Het onderzoek heeft uitgewezen dat de twee agenten elk twee kogels hebben afgevuurd. Het incident heeft vanaf het moment van het binnengaan van de binnentuin tot aan de schoten ongeveer vijftien minuten geduurd.
Beoordeling van de feiten
Het OM beoordeelt dat het gebruik van het vuurwapen door de beide agenten in overeenstemming is met de Politiewet, waarin staat dat agenten een vuurwapen mogen gebruiken als hun veiligheid of die van anderen in gevaar komt. Het OM vindt dat de agenten gerechtvaardigd een beroep op noodweer kunnen doen.
Uiteindelijk zagen de beide agenten die vrijwel gelijktijdig schoten zich genoodzaakt hun collega’s te verdedigen tegen de man die met het mes wild om zich heen bleef zwaaien en steken. Er was een zodanig gevaarlijke situatie ontstaan dat er direct gericht moest worden geschoten om het gevaarlijke gedrag van de man te laten stoppen. Tussen het tegen de grond trekken van de man door de hondengeleider en de schoten zaten enkele seconden. Gezien de zeer dreigende situatie en het zeer korte tijdsbestek was er geen tijd meer om eerst een waarschuwingsschot af te vuren.
Ten tijde van het schieten was er geen veilig alternatief meer voorhanden. Eerder reageerde de verwarde maar ook zeer fitte man, die mogelijk in een drugspsychose verkeerde, nergens op.
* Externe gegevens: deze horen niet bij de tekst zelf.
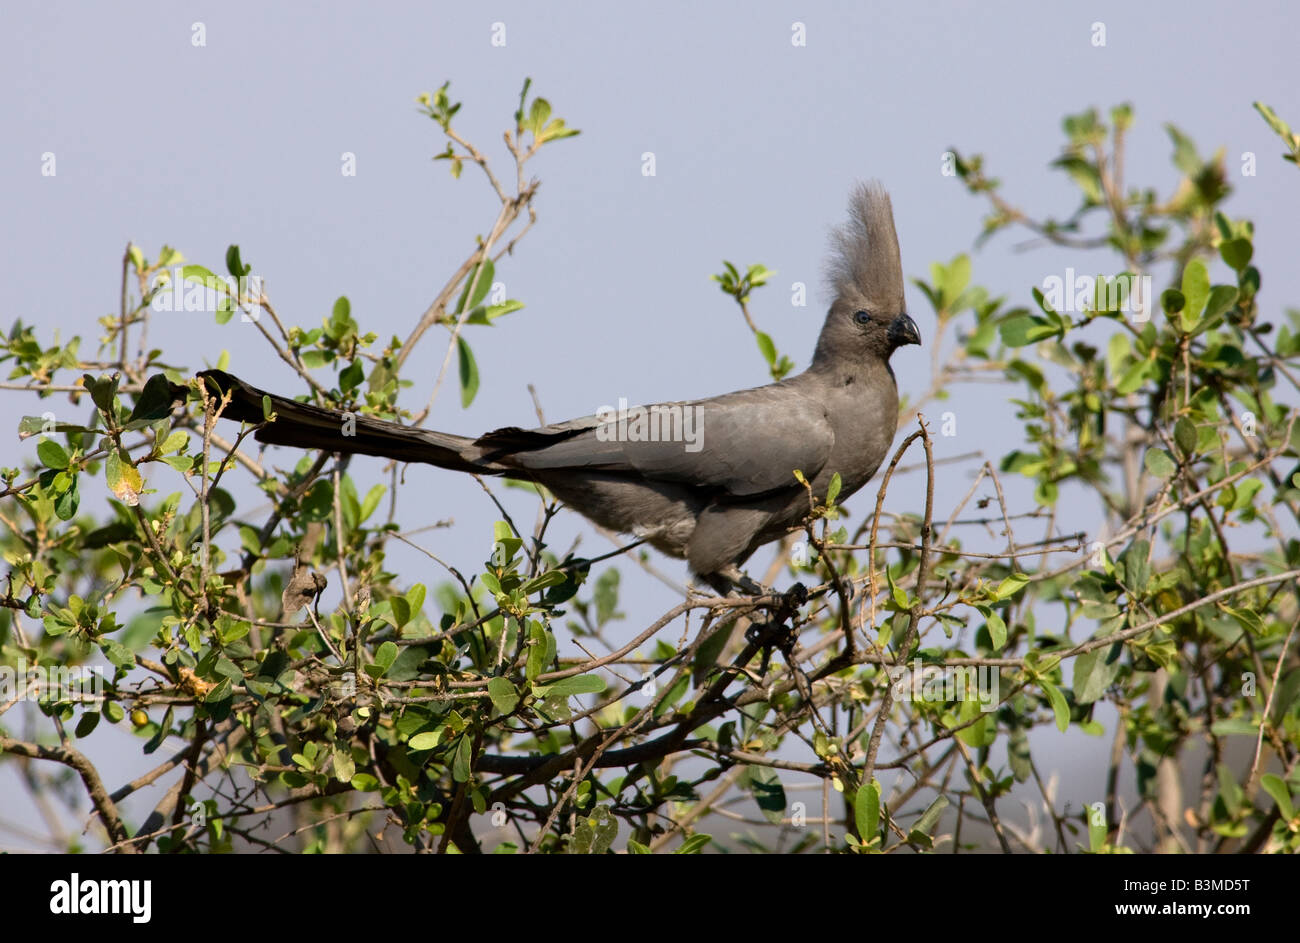 Graue Go-away-Bird (Corythaixoides Concolor), auch bekannt als grau Lourie, grau Loerie oder Kwêvoël, Südafrika Kruger Park Stockfoto

Niet op herhaald aanroepen, niet op pepperspray en niet op de getoonde vuurwapens. Desondanks bleef hij met het mes op de agenten inlopen.
Alles afwegende kan het OM niet anders dan concluderen dat de beide agenten vanuit een noodweersituatie hebben gehandeld. Dat betekent dat de agenten niet zullen worden vervolgd.
Het OM leeft mee met de ouders, familieleden en vrienden van de door politiekogels omgekomen man. Het OM beseft dat het strafrechtelijk onderzoek door de Rijksrecherche niet op al hun vragen antwoord geeft. Het OM heeft de nabestaanden aangeboden in een persoonlijk gesprek een nadere toelichting te geven op zowel het onderzoek als op de beslissing niet tot vervolging over te gaan.